This is a series of articles that I am writing for entrepreneurs with inputs from businessmen, industrialists, venture capitalists, PE funds, bankers…So let me tell you some of the mistakes that entrepreneurs do:

  1. Most of them do not have a Retirement plan! It is not that they think they need a retirement plan, but they are hoping to sell their business for a few crores or rupees and use that money to retire! Many of them do not even know that their business is worth NOTHING without them and their accounting and tax shenanigans. God bless and help them.
  2. They do not pay themselves at all! Forget paying themselves first, they do not pay themselves enough. Here is a catch – they might be living off the company by charging almost all the expenses to the company. However once the company has other shareholders this becomes difficult and embarrassing. However, they do manage to camouflage their personal travel, hobbies, etc. into business expenses.
  3. Most of them do not know what they are spending – the camouflaging takes its toll – they tell you that their expenses are Rs. 40k a month, but their real expenditure could be Rs. 2L – most of them being charged off as business expenses. Largely travel, conveyance, food, telephone bills are easy to charge off as expenses. Not only is this morally wrong, but it also means these businessmen have no clue about how much they need for their personal life expenses.
  4. Taking too much money from the company – this is the opposite of the previous point! Some people can just blow all the money from the company and leave the company in dire straits. This again means that they have no money for retirement and honestly there is nothing to sell.
  5. Many small businesses have no sale value without the entrepreneur and his accounting and tax shenanigans. Oops. Even listed companies which claim to be Board Driven! A case in point is a company with a market cap of Rs. 200 crores – a lot of due diligence has happened, but there is no sale happening.
  6. When a friend started his working life in 1999, his boss FORCED him to do a SIP – thanks the Mutual fund house in which he was working. This has created so much wealth for him (he is just 45 years of age) that his portfolio is now 3x his provident fund accumulation and is enough for him to retire. Entrepreneurs do not normally have such bosses, friends or advisors.
  7. The byline for my book “Retire Rich” is “Invest Rs. 40 a day” – which if compounded over say a 40 year period could be worth crores. If he/she were to increase this amount by 10% every year, this could be in 2 digit crores. Not bad at all EVEN with inflation chipping away at the value of the rupee.
  8. there could  be more…..pls put it in the comments column…

 

 

 

 

  1. Many small business owners give no importance to accounting.they actually don’t know how much money they are making.Even worse they could actually be making losses and not even know it.

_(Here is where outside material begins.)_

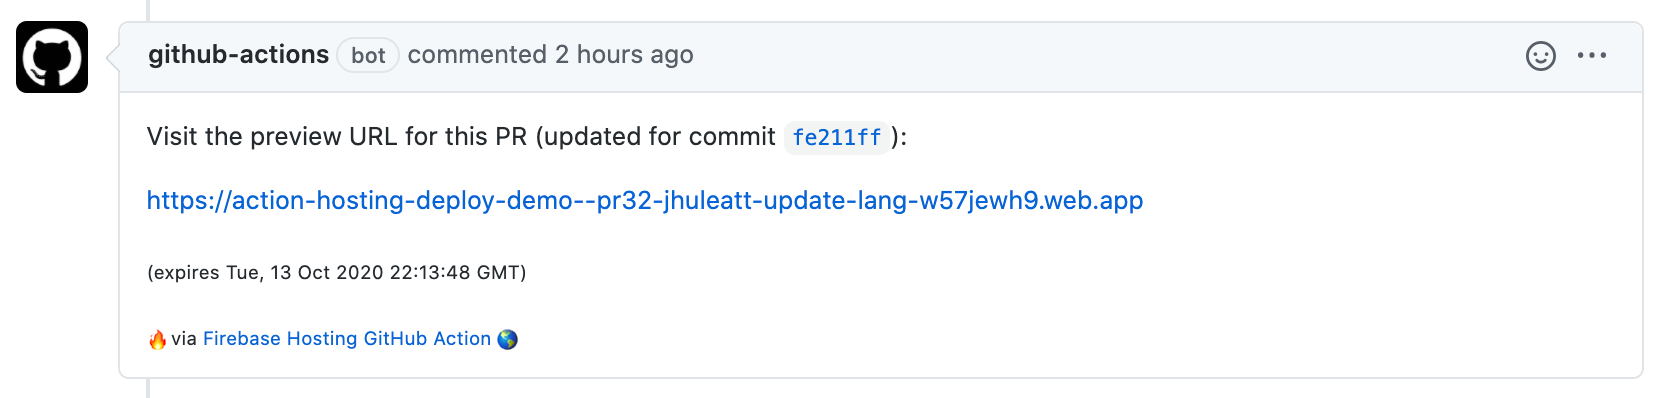 gambar komentar permintaan pull GitHub Action dengan URL pratinjau

  2. Prakash Krishnamachari

    Well written, in general there needs to be a Plan B and a Plan C (if the start up fails, if the sell value is very low with respect to the expectations etc).

  3. Sir, as an admirer of your blog and small businessman myself, I tend to disagree with a few points (1 and 5 are correct though) –

    (1) small businesses are “re-investing” in equity – of their own company! Which better company to buy shares of, than the one being run by you?

    (2) even then, new-age small entrepreneurs (below 40) including myself and a few others from my peers; do invest in SIP/ Equity/ NSC etc. The reasoning is we have all witnessed stock market euphoria in 2000s and so, do not mind a side hustle for making it big via some share purchases.

    (3) Suppose a small businessman goes out of business at 52, where do you think the money “which he did not take out” over the years went? It was in business itself right? Either he purchased assets which are in company’s name or increased the size of his business (more debtors/ cash at bank etc). They did not evaporate in the air. So he can always sell those assets – debtors, machinery, etc etc and have a nest egg for self. Some take out cash and invest in jewellery/ property which is also a part of their personal balance sheet if not company’s.

    (4) most imp – but for this I hope they are all keeping a track of their initial capital. If someone starts out a business at 25 with 1 lac capital, and his business has 50lac (be it in form of debtors or plant & machinery) in 10yrs, then he has made a 50-times return while also running his household. Now just like stock markets, he realises that business has plateaued; and 35-36 the business networth has only grown to 51L or 52L (ie a return of 2-4%), they need to be wise and hard enough and take the harsh call. Again speaking for myself and my friends/peers; everyone seems to be keeping track of it.